Hi Nathan,
I installed GRIT-1.1.3 on our cluster (CentOS 6.1, python 2.7.2).
I tested the program using the example file (GRIT_example.tar) with following command:
run_grit.py --control AdMatedF_Ecl_20days_Heads.control.txt --reference flybase-r5.45.chr4.gtf --ucsc -t 8 -b
The first step (building 'elements') went through smoothly, and successfully generated the output file 'discovered.AdMatedF_Ecl_20days_Heads.elements.bed'. However, a series of errors occur afterwards (during the transcript assembly step in my understanding). These includes errors in some 3rd party module like 'multiprocessing' as well as in the GRIT 'build_transcripts.py' script, such as:
Spawning new worker child
Building transcript and ORFs for Gene chr4_m_36
Finding design matrix for Gene chr4_m_38(chr4:-:1225902-1234438) - 14 transcripts
Process Process-59:
FINISHED Building transcript and ORFs for Gene chr4_m_37
Building transcript and ORFs for Gene chr4_m_35
Spawning new worker child
Traceback (most recent call last):
FINISHED Building transcript and ORFs for Gene chr4_m_36
File "/hpcf/apps/python/install/2.7.2/lib/python2.7/multiprocessing/process.py", line 258, in _bootstrap
Finding design matrix for Gene chr4_m_37
FINISHED Building transcript and ORFs for Gene chr4_m_35
Spawning new worker child
Errors in the 'build_transcripts.py' script:
Traceback (most recent call last):
self.run()
self.run()
self._target(*self._args, **self._kwargs)
File "/hpcf/apps/python/install/2.7.2/lib/python2.7/multiprocessing/process.py", line 114, in run
Waiting for free children
Waiting for write queue to fill.
self._target(*self._args, **self._kwargs)
self._target(*self._args, **self._kwargs)
self._target(*self._args, **self._kwargs)

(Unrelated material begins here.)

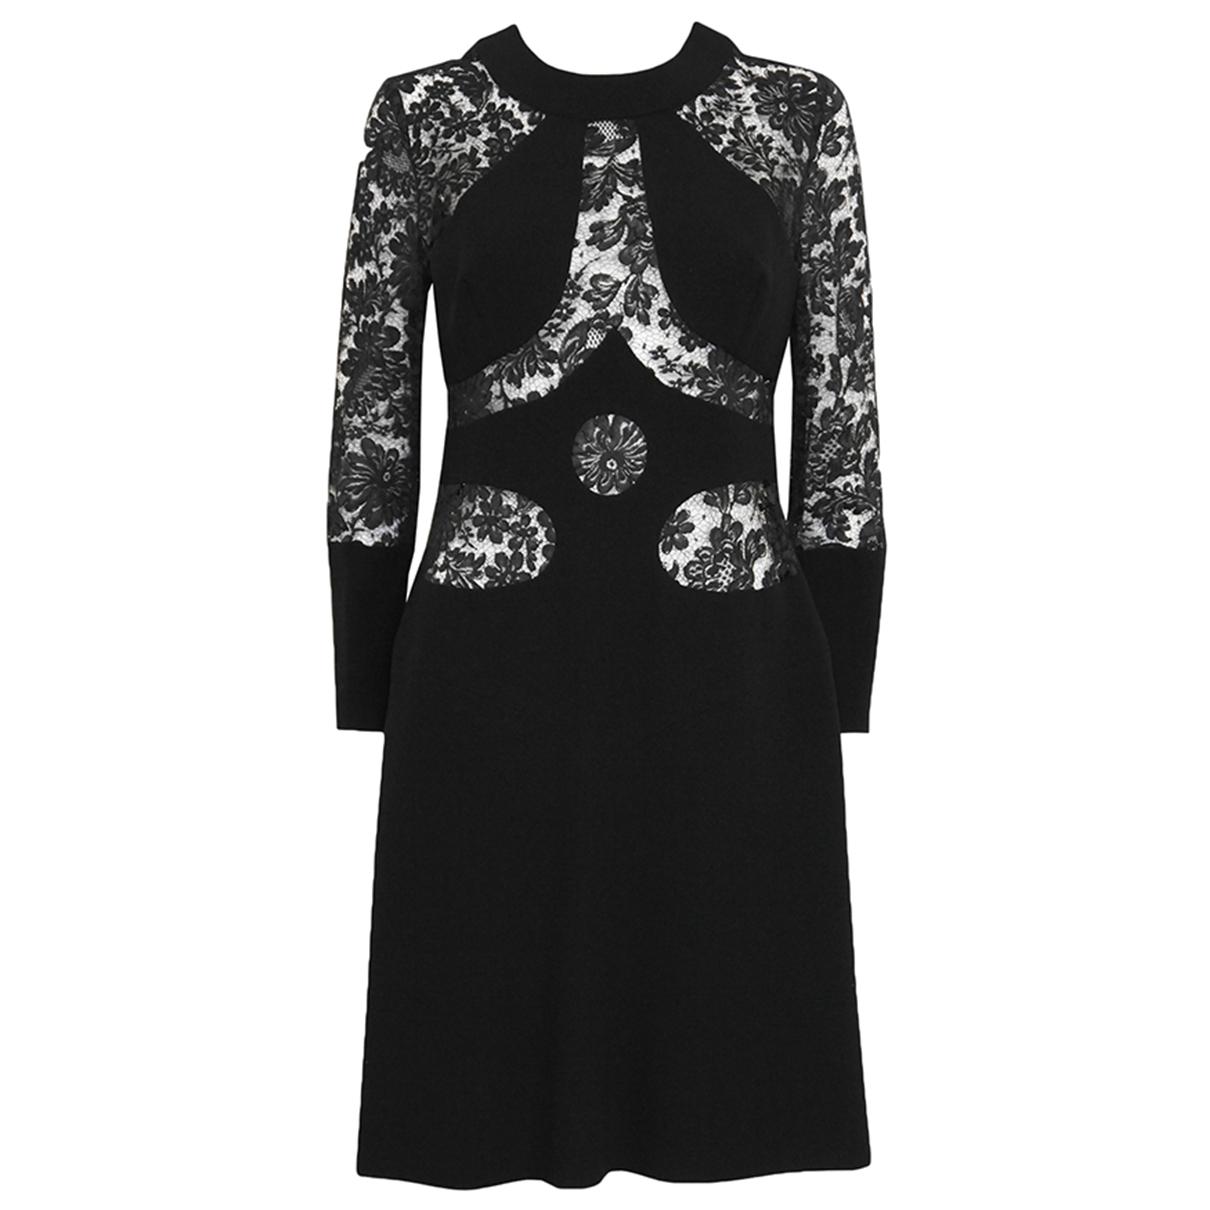 Louis Feraud \N Black Lace dress for Women S International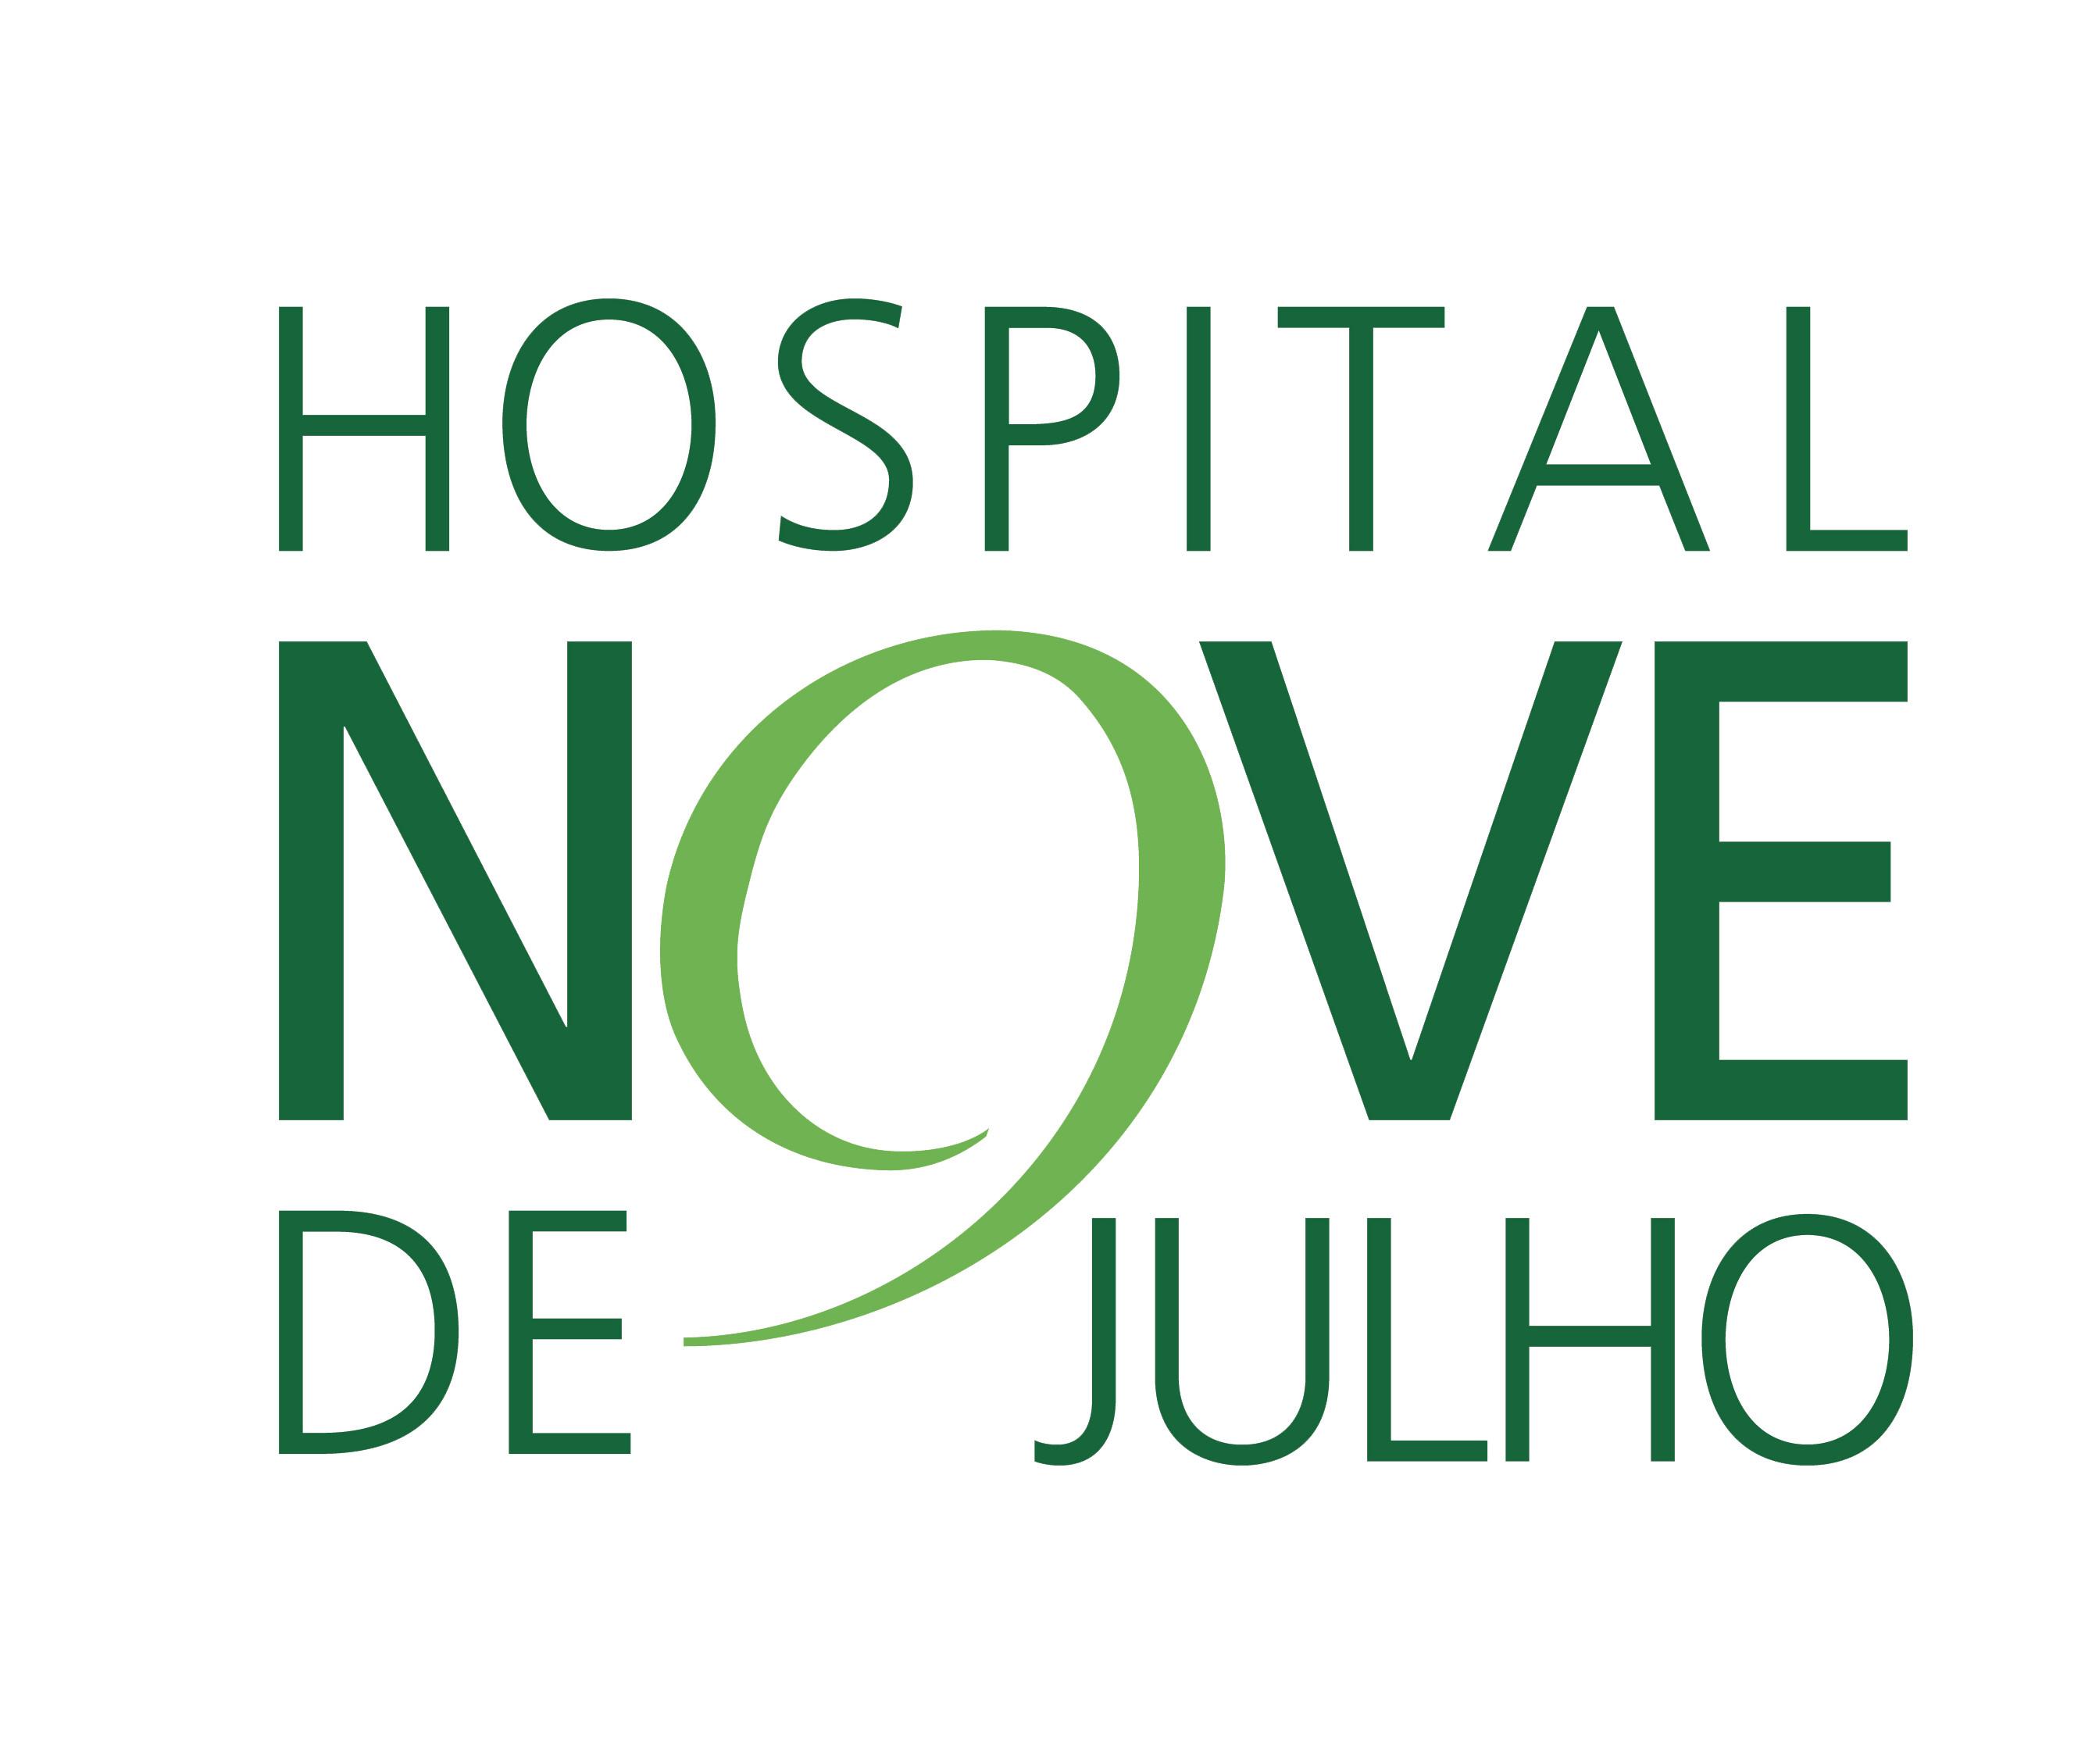 HospitalDeJulho

File "/hpcf/apps/python/install/2.7.2/lib/python2.7/multiprocessing/process.py", line 258, in _bootstrap
File "/hpcf/apps/python/install/2.7.2/lib/python2.7/multiprocessing/process.py", line 114, in run
File "/hpcf/apps/python/install/2.7.2/lib/python2.7/multiprocessing/process.py", line 114, in run
File "/hpcf/apps/python/install/2.7.2/lib/python2.7/site-packages/GRIT-1.1.3-py2.7-linux-x86_64.egg/grit/build_transcripts.py", line 754, in worker
self._target(*self._args, **self._kwargs)
File "/hpcf/apps/python/install/2.7.2/lib/python2.7/site-packages/GRIT-1.1.3-py2.7-linux-x86_64.egg/grit/build_transcripts.py", line 754, in worker
File "/hpcf/apps/python/install/2.7.2/lib/python2.7/site-packages/GRIT-1.1.3-py2.7-linux-x86_64.egg/grit/build_transcripts.py", line 754, in worker
File "/hpcf/apps/python/install/2.7.2/lib/python2.7/site-packages/GRIT-1.1.3-py2.7-linux-x86_64.egg/grit/build_transcripts.py", line 754, in worker
self._target(*self._args, **self._kwargs)
self._target(*self._args, **self._kwargs)
self.run()
File "/hpcf/apps/python/install/2.7.2/lib/python2.7/site-packages/GRIT-1.1.3-py2.7-linux-x86_64.egg/grit/build_transcripts.py", line 754, in worker
File "/hpcf/apps/python/install/2.7.2/lib/python2.7/site-packages/GRIT-1.1.3-py2.7-linux-x86_64.egg/grit/build_transcripts.py", line 754, in worker
File "/hpcf/apps/python/install/2.7.2/lib/python2.7/site-packages/GRIT-1.1.3-py2.7-linux-x86_64.egg/grit/build_transcripts.py", line 754, in worker
File "/hpcf/apps/python/install/2.7.2/lib/python2.7/multiprocessing/process.py", line 114, in run
self._target(*self._args, **self._kwargs)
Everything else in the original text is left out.